# [Your goal]
Set down, exactly and only, everything from the line containing "Gigabyte GA-M55SLI-S4 user" down to the line containing "SHEFU 4-In-1 Glass" in the data below; the pictures are not part of the copy.

*** Record extracts ***

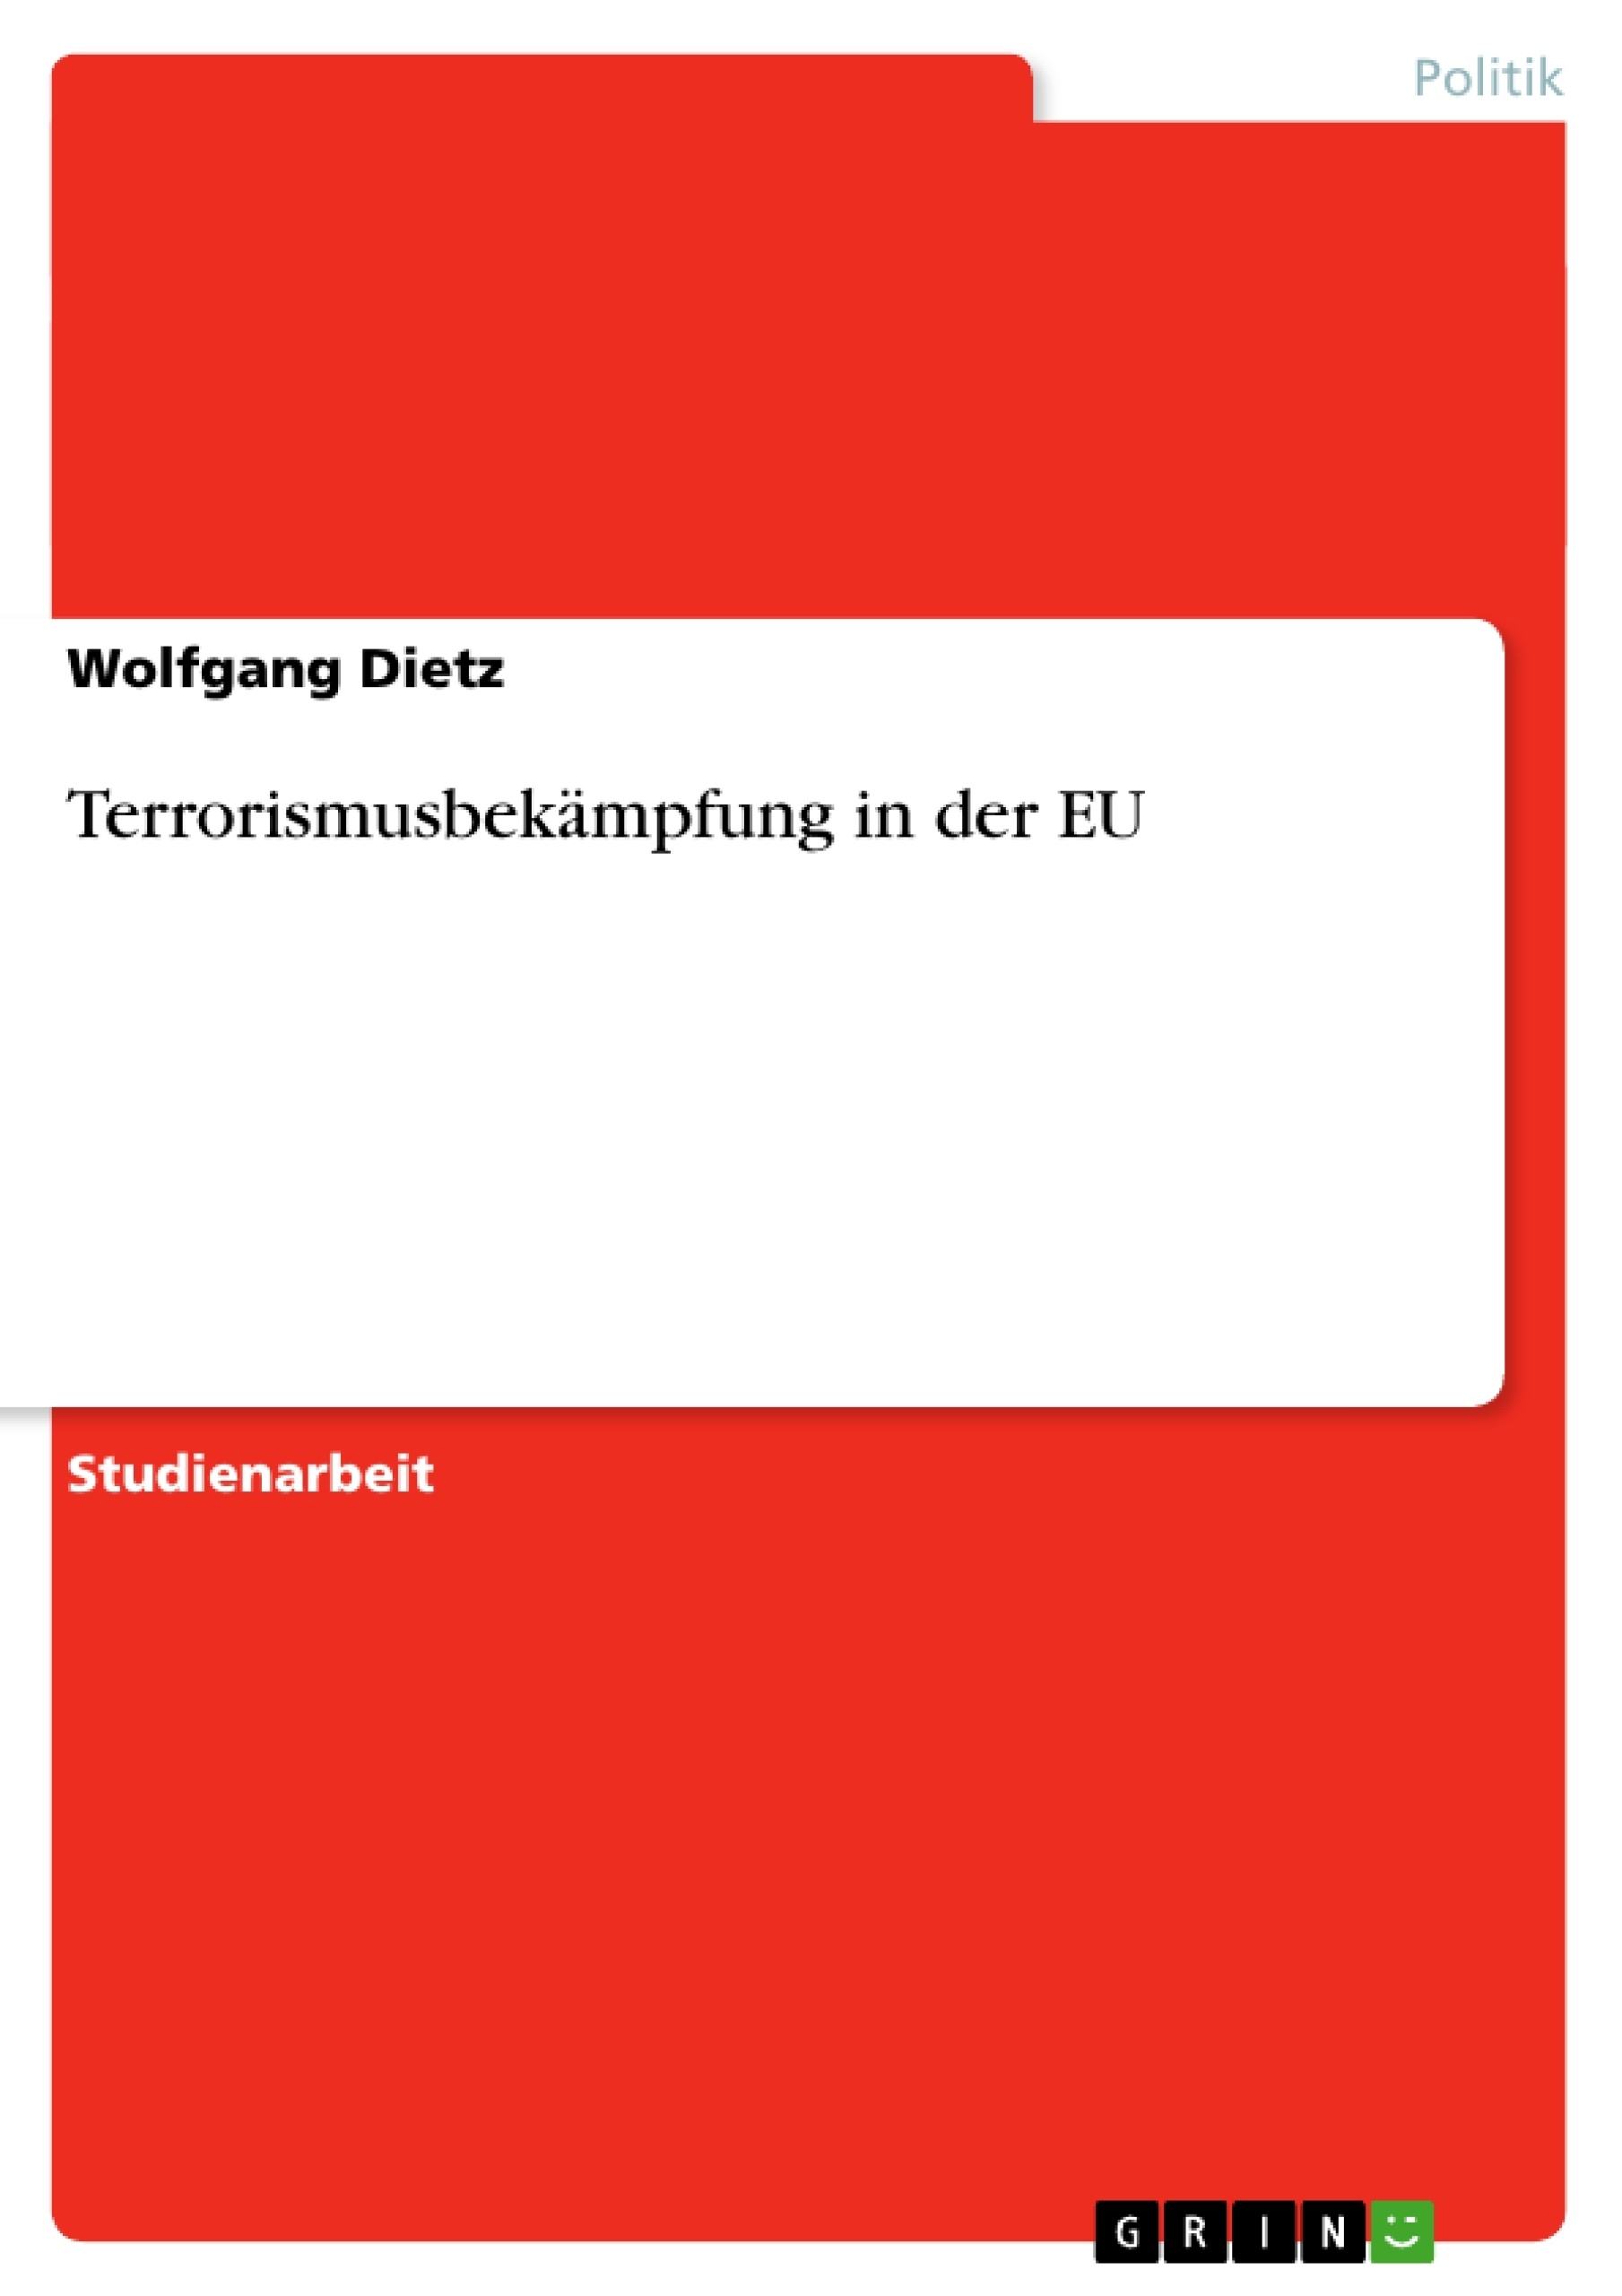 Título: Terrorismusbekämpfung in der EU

*** End of Record extracts ***
*** Record extracts ***

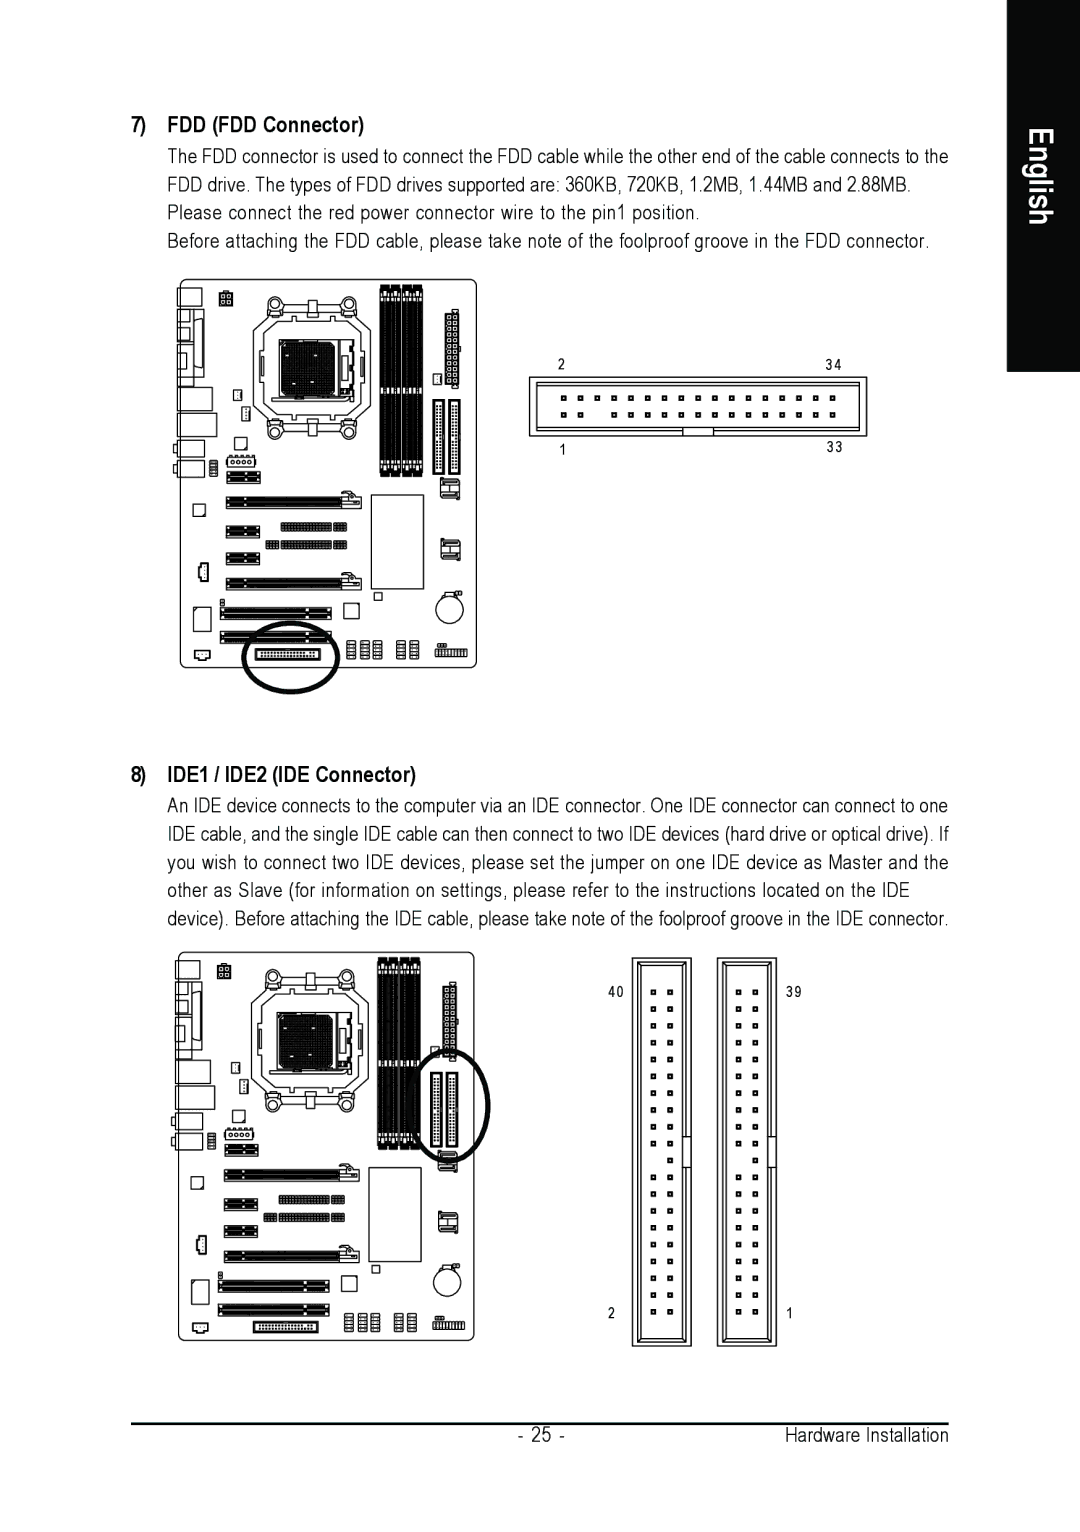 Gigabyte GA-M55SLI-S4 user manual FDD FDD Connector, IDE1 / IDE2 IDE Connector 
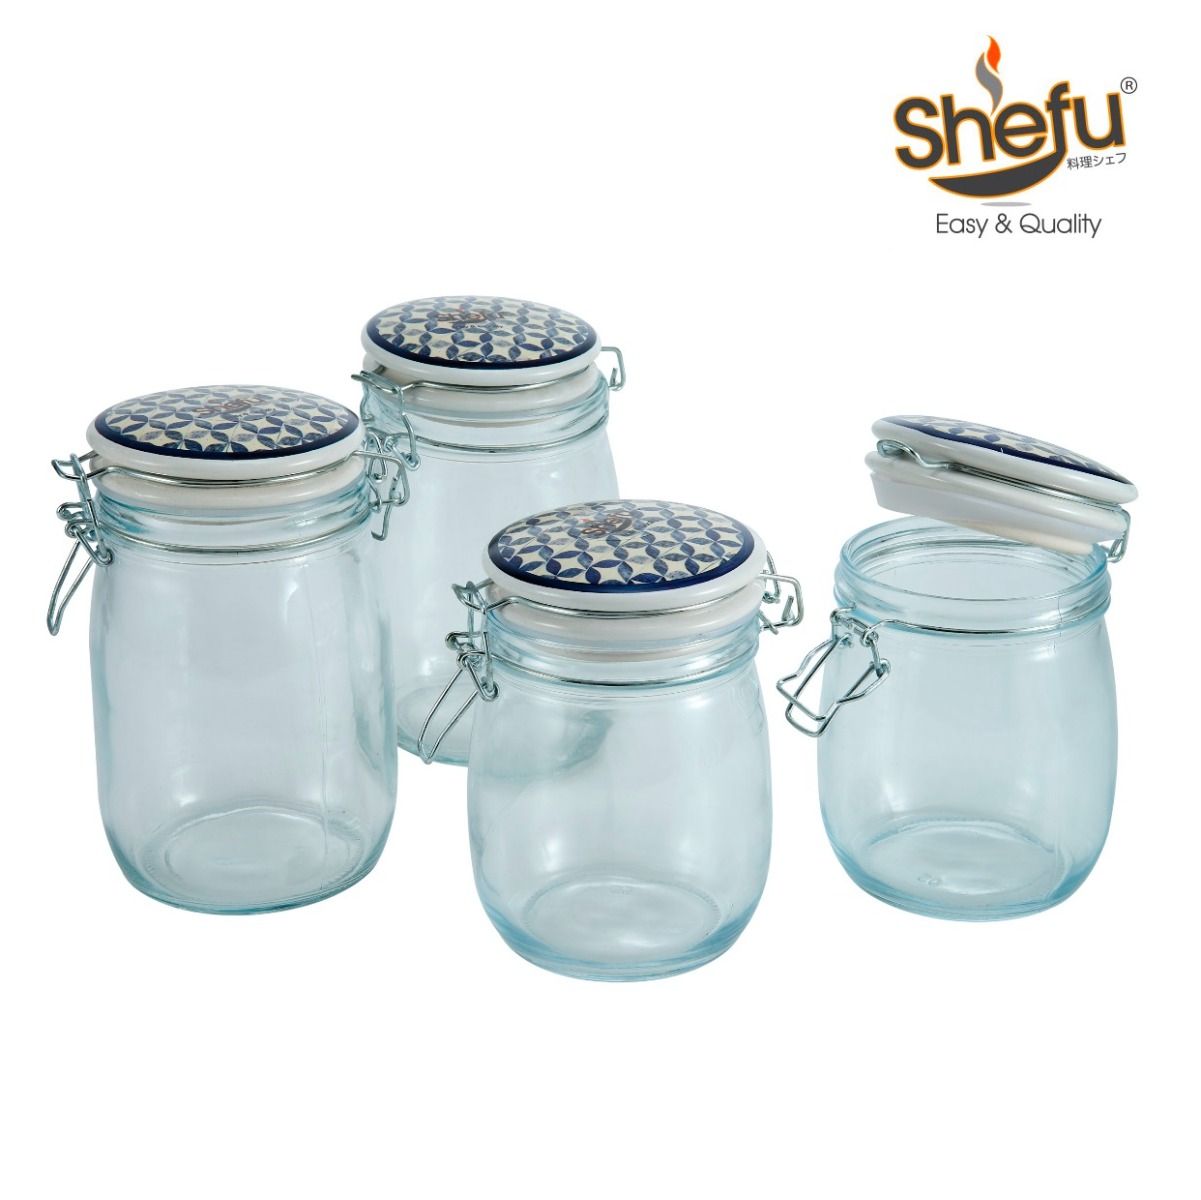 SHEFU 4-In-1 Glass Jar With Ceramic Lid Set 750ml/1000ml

*** End of Record extracts ***

# [Response box]
 Gigabyte GA-M55SLI-S4 user manual FDD FDD Connector, IDE1 / IDE2 IDE Connector 
 SHEFU 4-In-1 Glass Jar With Ceramic Lid Set 750ml/1000ml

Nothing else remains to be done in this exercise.